Aku Anak Kancil (?)

(telah dimuat di Harian Radar Mojokerto, Minggu, 3 Maret 2013) 

Lelaki tidaklah menangis kecuali untuk Tuhan dan ibunya. Kalimat ini menjadi harta karun lebih mahal dari apapun yang terbilang. Bapak hanya memberi kalimat ini di saat umurku genap 7 tahun. Meski sudah 11 tahun yang lalu, kalimat yang menjadi satu-satunya pengingat wajah bapak ini tidak pernah terlupa. Terkadang beriringan muncul saat lamunanku mulai merajai diri, juga setiap berdoa setelah salat. Aku merindukanmu, pak..

“Ada apa, Bud? Tak seperti biasanya kau lebih banyak diam hari ini?”, kata teman sekamarku Leman.

“Ah, perasaanmu saja, Man. Aku ya seperti ini kan tiap hari? Aku sehat dan segar gini kok..”, sahutku.

Mungkin benar apa yang dibilang Leman. Pria yang bernama lengkap Suleman, teman sekamarku semenjak semester awal di bangku perkuliahanku memang memunyai kepekaan lebih dari temanku yang lain. Iya, karena setiap hari kami bercengkerama dan bertukar kisah di beberapa malam.

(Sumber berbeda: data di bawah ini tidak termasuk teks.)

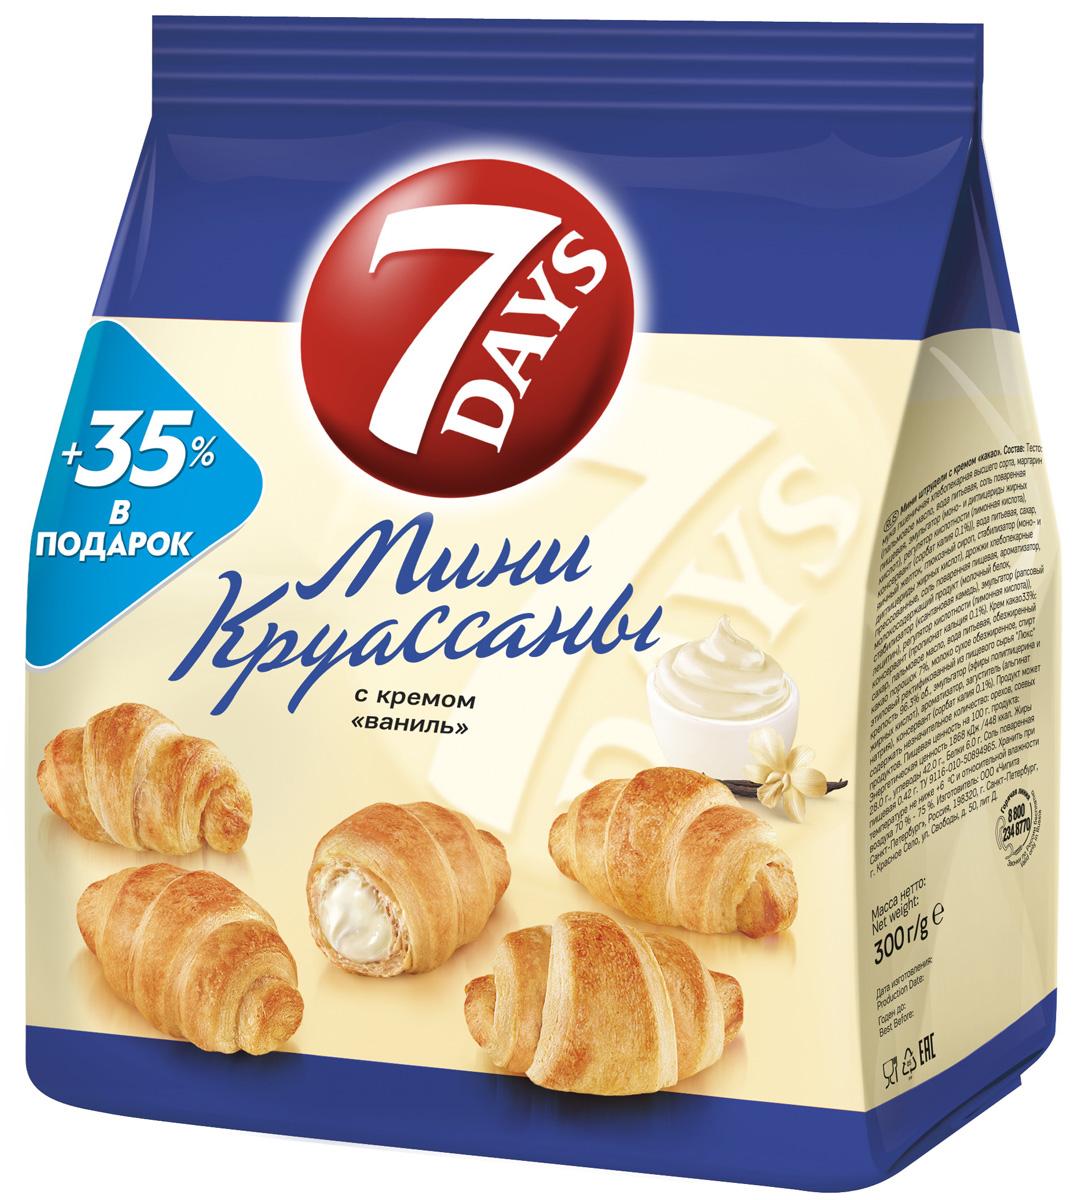 7DAYS Мини-круассаны с кремом Ваниль, 300 г mont blanc круассаны мини анжуйская клубника 200 г
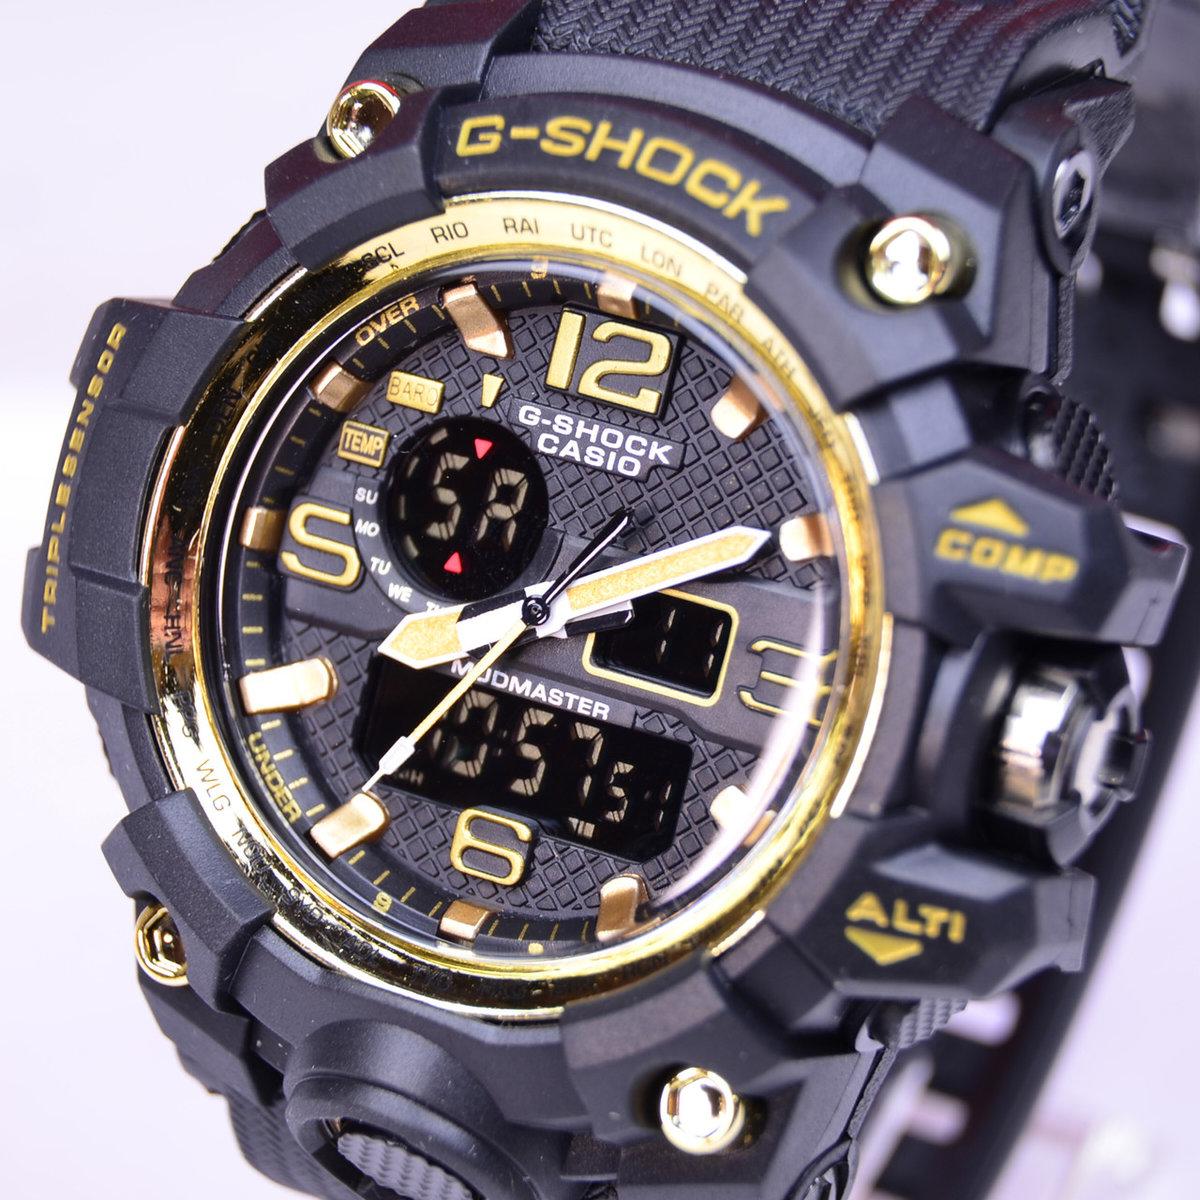 Shock-store - магазин оригинальных наручных часов casio по самым выгодным ценам.

Aku tak pernah seperti ini pada teman baikku itu. Setiap ada masalah, aku bercerita padanya. Begitu juga ia. Namun, kali ini aku memilih diam untuk menutupi masalahku  ini. Aku tak mau seorang pun tahu masalah apa yang aku hadapi kali ini. Aku ingin sendiri. Aku ingin hanya aku yang tahu dan hanya aku yang bersedih.

***
Mbokyo sampeyan kerja yang lebih banyak dapat uang, pak. Tiap hari kok lawuh tempe saja. Aku yang masak saja bosan. Lha bagaimana anakmu itu?”, kata ibu dengan nada kesal di suatu subuh.

Ibuku memang tidak seperti ibu yang lain. Ia cerdas, berprestasi, dan memiliki segudang pengalaman di waktu sekolah. Namun, ia juga memiliki sikap keras, tegas bercampur sedikit angkuh. Aku hanya bisa berkata ‘mungkin’. Mungkin, karena bapak yang pendidikannya lebih rendah dari ibu. Sehingga, meski sudah 8 tahun pernikahan berjalan, yang aku dengar  tiap hari tidak berbeda dengan hari kemarin.

Untungnya, bapak memiliki sikap rendah yang menjadi penahan marah ibu. Aku tak tahu apa yang terjadi jika sikap bapak sama seperti ibu. Pedang-tangkas dengan pedang-trengginas akan saling menebas. Syukurlah, bapakku rendah hati dan lebih banyak menerima dengan dada melapang sehingga adakalanya ibu tersenyum meski bapak harus mandi keringat di perusahaan meubel dari pagi hingga hampir melewati senja.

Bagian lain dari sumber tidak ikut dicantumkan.